Page 378 - Liverpool Philharmonic 22-23 Season Coverage Book
P. 378
The glittering caravan that is Eurovision 2023 will soon roll into Liverpool and
set up camp along the waterfront and around the Pier Head. The song contest kicks off
on 9 May, with the final on the 13th. Reflecting the circumstances of this year’s event,
which should have been hosted by Ukraine, the slogan is “united by music”. These
words could apply to Liverpool, a Unesco city of music bubbling with sonic activity, any
time in its modern history. Merseyside’s musical associations stretch back centuries.
Last week the star British pianist Benjamin Grosvenor made his Liverpool concert
debut as soloist with the Royal Liverpool Philharmonic Orchestra – founded in 1840
and one of the world’s oldest orchestras – in Rachmaninov’s Second Piano Concerto.
We are in the 150th anniversary year of the Russian composer’s birth. This favourite
work is on every concert schedule. Predictability and familiarity are hazards. Not here.
Vitality and invention made this performance exceptional.
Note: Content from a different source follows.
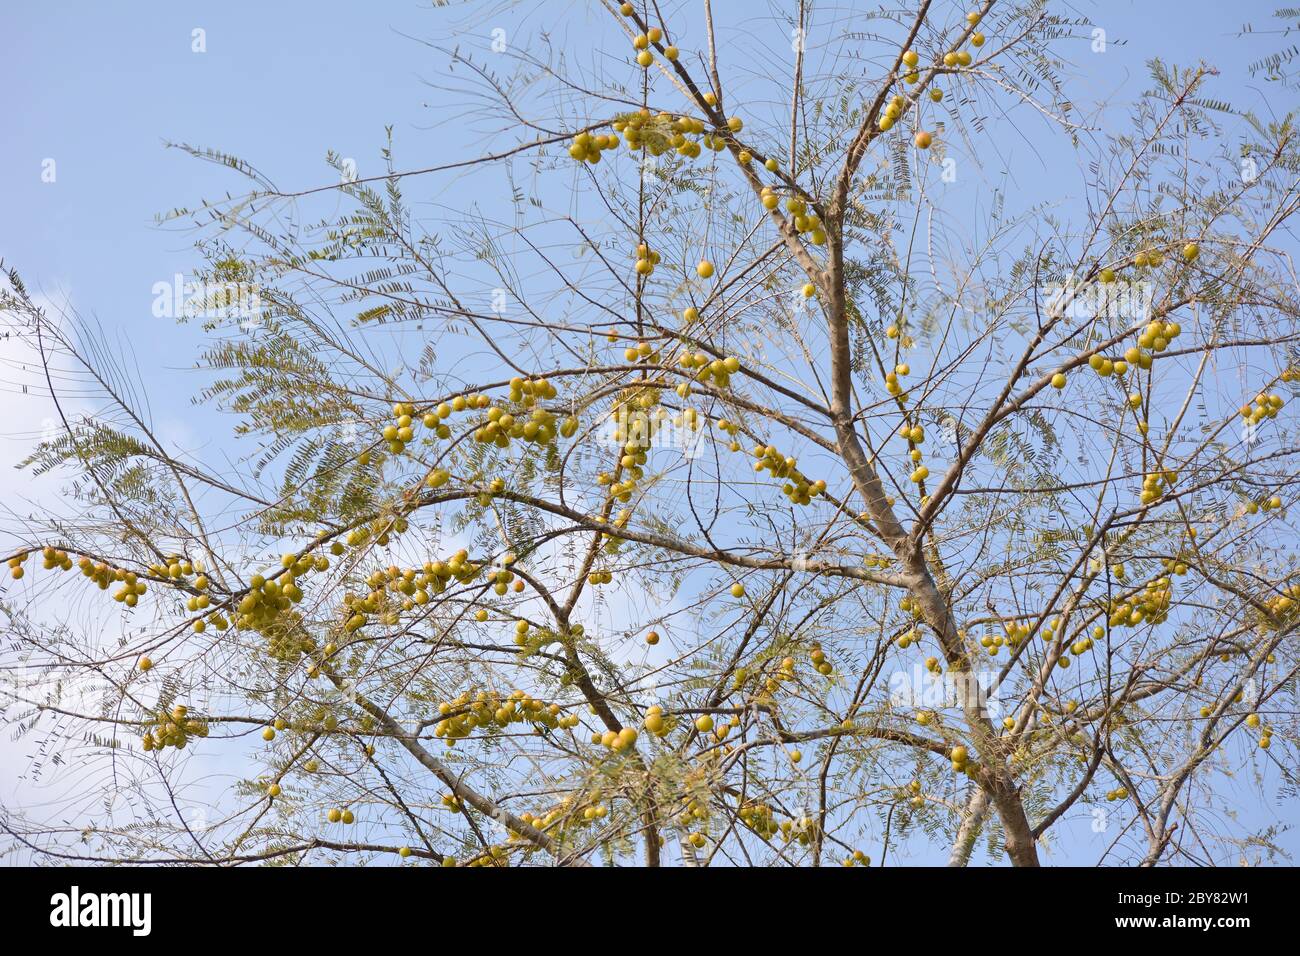 Arándanos indios o fruta amla colgando en el árbol. La arándano indio es un ingrediente esencial de los medicamentos ayurvédicos tradicionales de la India. Foto de stock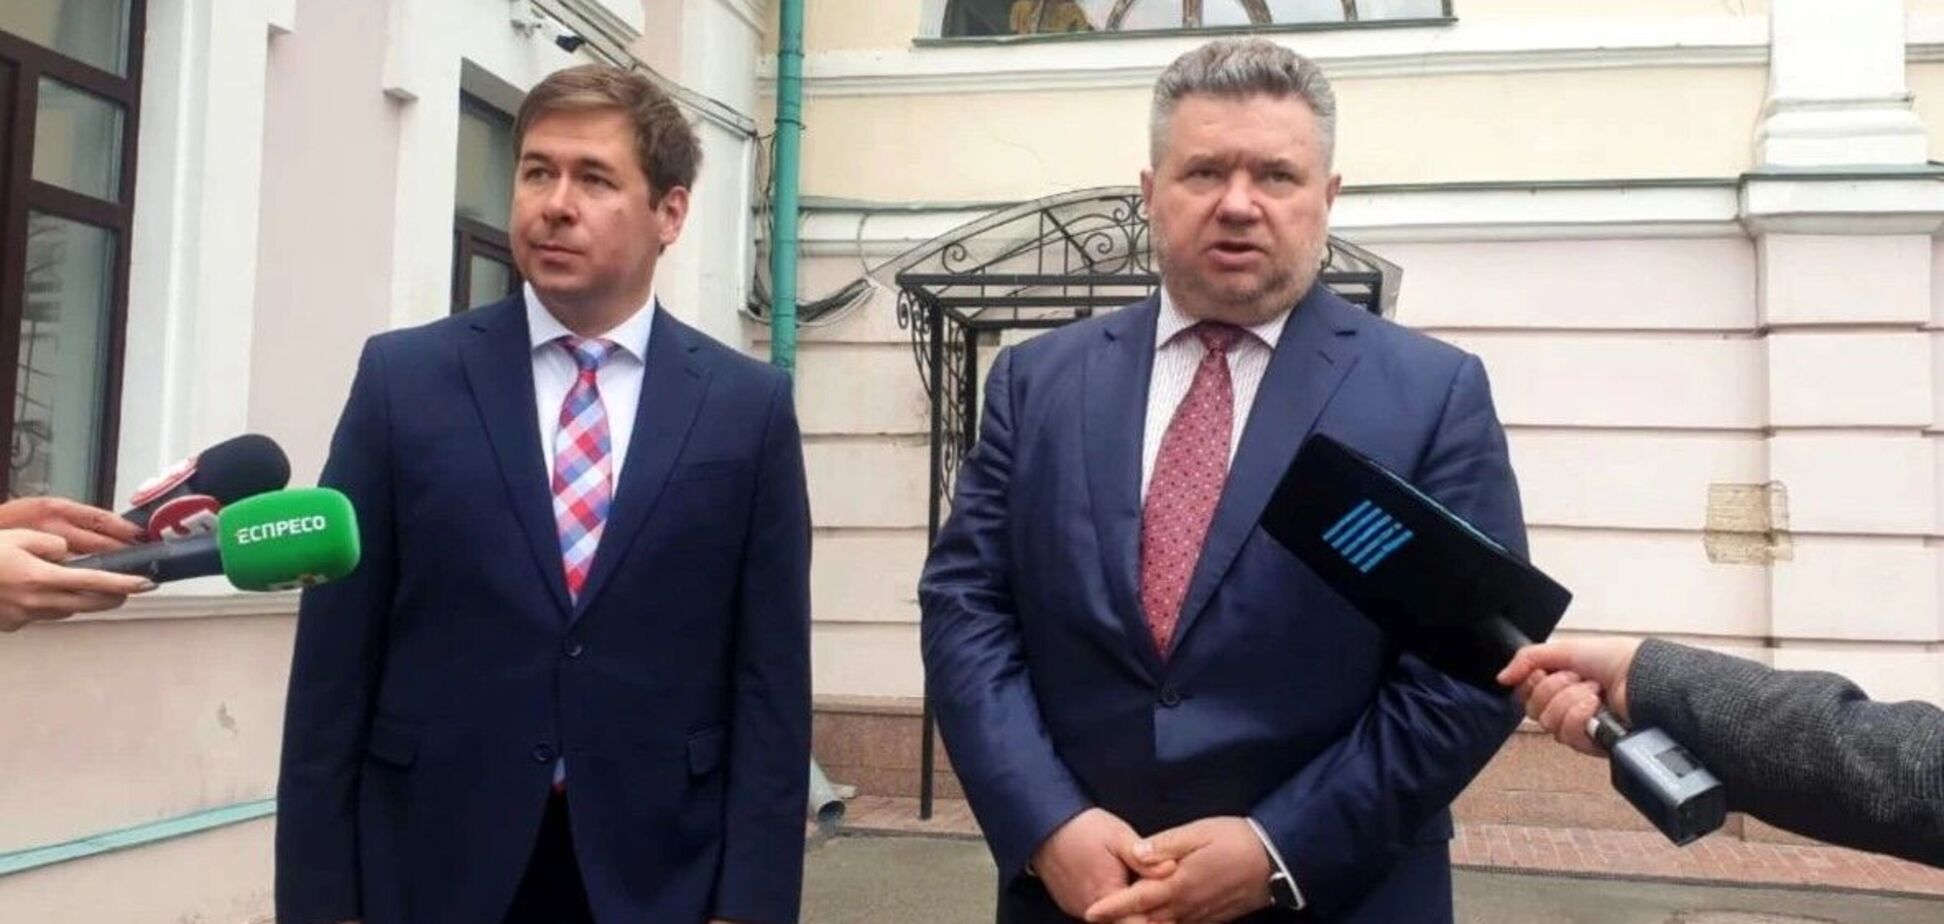 Адвокаты Порошенко заявили, что не планируют участвовать в 'постановочных шоу' по заказу властей

Balance was ideal, the
exchanges between pianist and woodwind lithe and expressive, violas – sitting on the
outside of the cellos – notably revelling in their prominent solos.
At times, as when the soft swish of cymbals duet with the pensive, meandering piano in
the last movement, a mood of improvisation took hold. Grosvenor was poetic and
masterly, every nuance noted, and responded to, by the conductor Kahchun Wong. This
Singapore-born ball of energy and charm is a name to watch. Many in the capacity
audience hastened to their feet as the final, imperative chords thundered out. (“Takes a
lot to get an ovation from a Liverpool audience,” my scouse neighbour noted drily.)
The concerto was the popular centrepiece of a programme that showcased the
orchestra’s musical expertise and imagination. The opening work, the Symphony No 21
(1940) by the Soviet composer Nikolai Myaskovsky, is hardly known in this country. It
should be. Lyrical, melancholy, this single-movement work is rooted deep in the modes
and dark-earth colours of Russian folk song, and of Tchaikovsky and Mussorgsky. It
appeared rewarding to play, as well as to hear.
For the evening’s last work, Mussorgsky’s Pictures at an Exhibition (arr. Ravel), a
surprise was in store. When bells are required in a score, percussionists usually have to
rely on the tubular variety. Instead, the RLPO has commissioned its own set of 18 full-
sized church bells, cast by the Royal Eijsbouts foundry in the Netherlands. What must
have first appeared a mad idea – several expensive tonnes of brass, a headache to
manoeuvre – is now the envy of other orchestras. The initiative came from its principal
percussionist since 1983, Graham Johns, with crowdfunding from a loyal Merseyside
community. As anyone familiar with the Philharmonic Hall will know, it is situated
between the city’s two cathedrals and their mighty bell towers. No surprise that Johns,
now in his final RLPO season, thought the tubular variety puny in comparison.